• [DATA TO PROCESS]
# # #
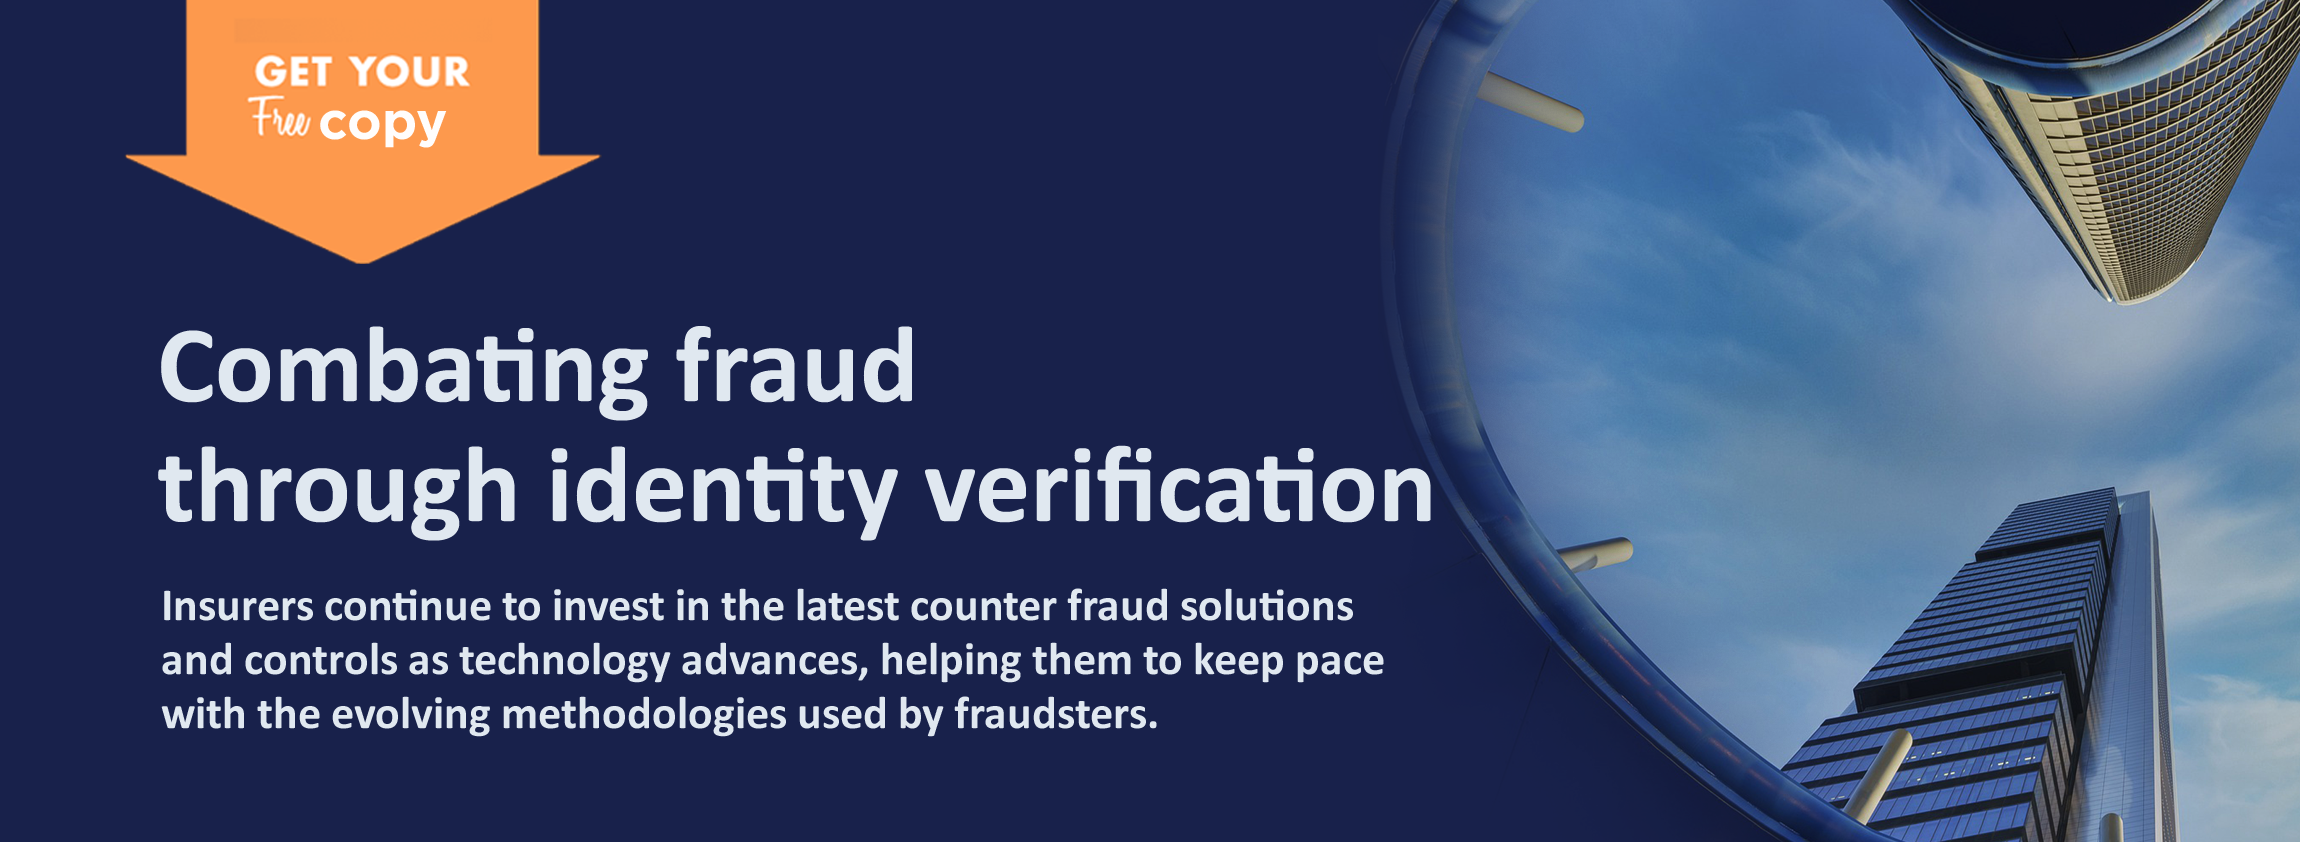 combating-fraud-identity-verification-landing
# # #
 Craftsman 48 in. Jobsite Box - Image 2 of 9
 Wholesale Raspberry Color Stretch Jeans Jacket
# # #
• [EXERCISE AIM] Beginning with the line holding "Craftsman 48 in. Jobsite Box - Image 2 of 9" and ending with the line holding "Wholesale Raspberry Color", write out the stretch of material above exactly; add no further lines.

• [OUTPUT OF THE EXERCISE]
 Craftsman 48 in. Jobsite Box - Image 2 of 9
 Wholesale Raspberry Color Stretch Jeans Jacket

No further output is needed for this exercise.